Designing for failure: Glossary
Key terms used across the failure patterns.
Operation
A logical unit of work a system performs. Operations range from a single database read or write, to complex multi-step processes such as “place an order” or “register a user”. An operation may consist of several sub-operations. At the application layer, a single API request typically maps to one top-level operation.
Example: a user changing their username triggers a top-level operation which might involve reading from an auth system and writing to a database.
See also: Antithesis – Operation
Process
A logical process (often an OS process) participating in a distributed system – a running service instance, a database client, a job worker, or a database node. Each process is logically single-threaded.
Example: a payment service has three running instances; each instance is a separate process.

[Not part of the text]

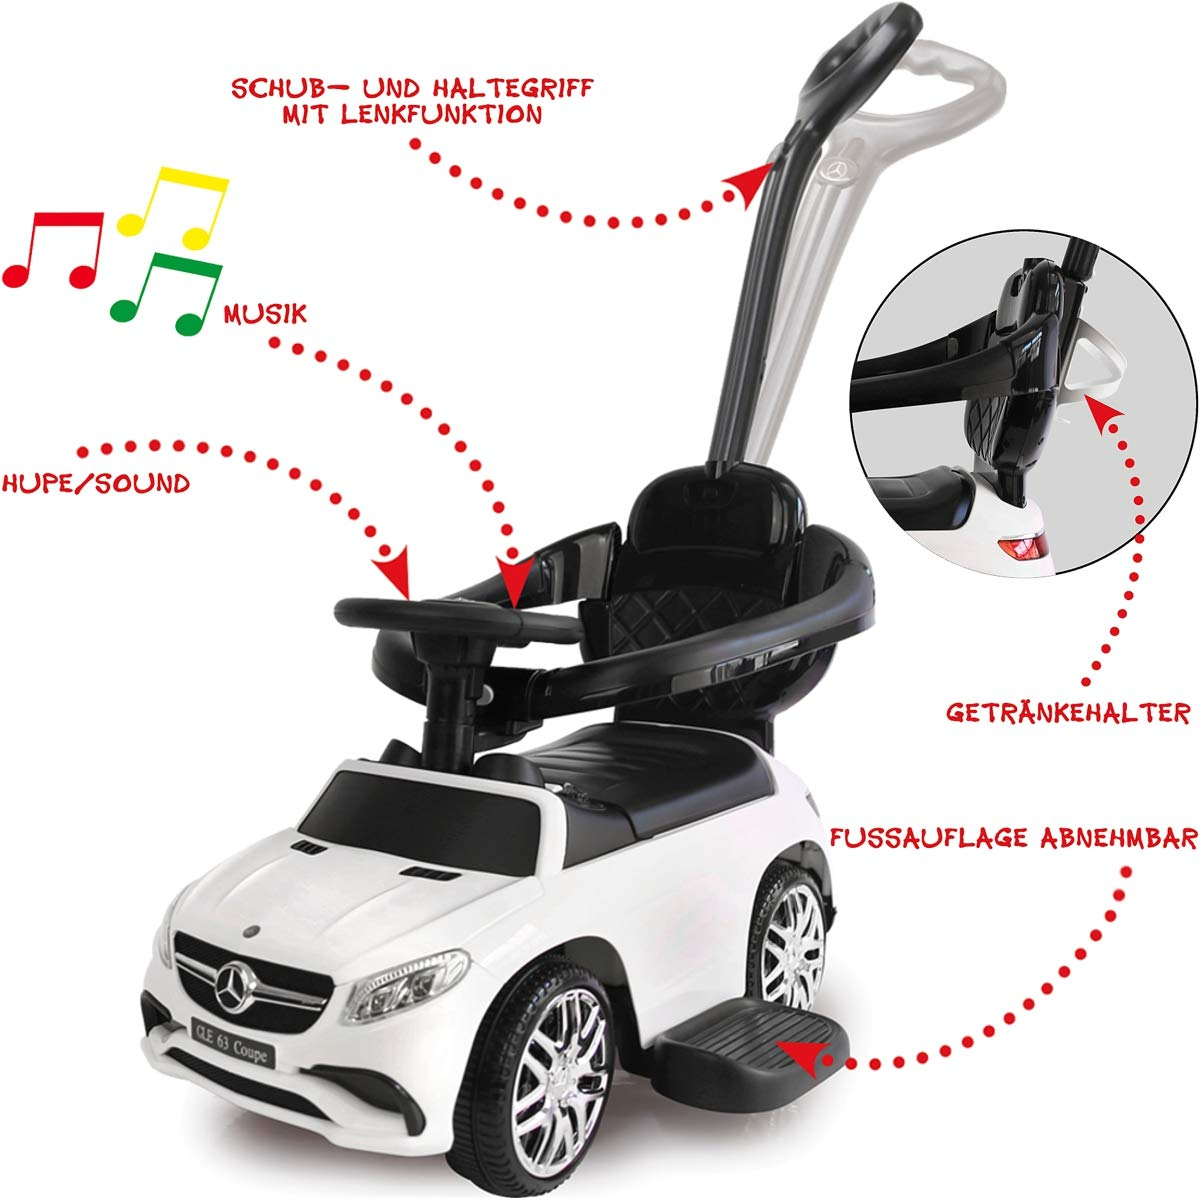 Stimo Mercedes Benz AMG Rutschauto Kinder Fahrzeug Rutscher Auto AMG C63 Coupe BLAU Haltegriff mit Lenkfunktion offiziell lizenziert

See also: Antithesis – Process
Write
An operation that changes state – for example, inserting a database row, publishing a message to a queue, or making an external API call that has side effects.
Read
An operation that inspects state without changing it – for example, a database SELECT query.
Side effect
An observable state change produced by a write.
Example: charging a customer’s card is a side effect of a “take payment” operation.
Crash
Shorthand for any fault that causes an operation to stop without completing – unexpected process termination, a network partition, a timeout, or similar.
Example: a process crash between writing to a database and publishing a message leaves the system having completed only part of an operation.
See also: Antithesis – Crash, Antithesis – Network partition
Definite error
An error that confirms an operation definitely did not execute. The system state is as if the operation never happened.
Example: an aborted database transaction is a definite error – the client knows nothing was committed.
See also: Antithesis – Definite error
Indefinite error
An error that leaves it unknown whether an operation executed, is still executing, or will execute later. This is the core challenge behind retry safety: retrying after an indefinite error risks executing the operation twice.
Example: a network timeout is an indefinite error – the request may never have reached the server, may have been processed without acknowledgement, or may still be in-flight.
See also: Antithesis – Indefinite error
Idempotency
An operation is idempotent if performing it multiple times has the same effect as performing it once.
There are two properties one might expect from an idempotent API:
- Side effects – multiple identical requests produce no additional observable side effects beyond those of a single request.
- Response – the client receives the same response every time it makes the same request.
Note: HTTP semantics for idempotent methods explicitly do not require the Response property.
Related: side effect cardinality describes how many times a side effect may occur across retries of a completed operation:
- At most once – the side effect happens zero or one times.
- Exactly once – the side effect happens exactly once.
- At least once – the side effect happens one or more times.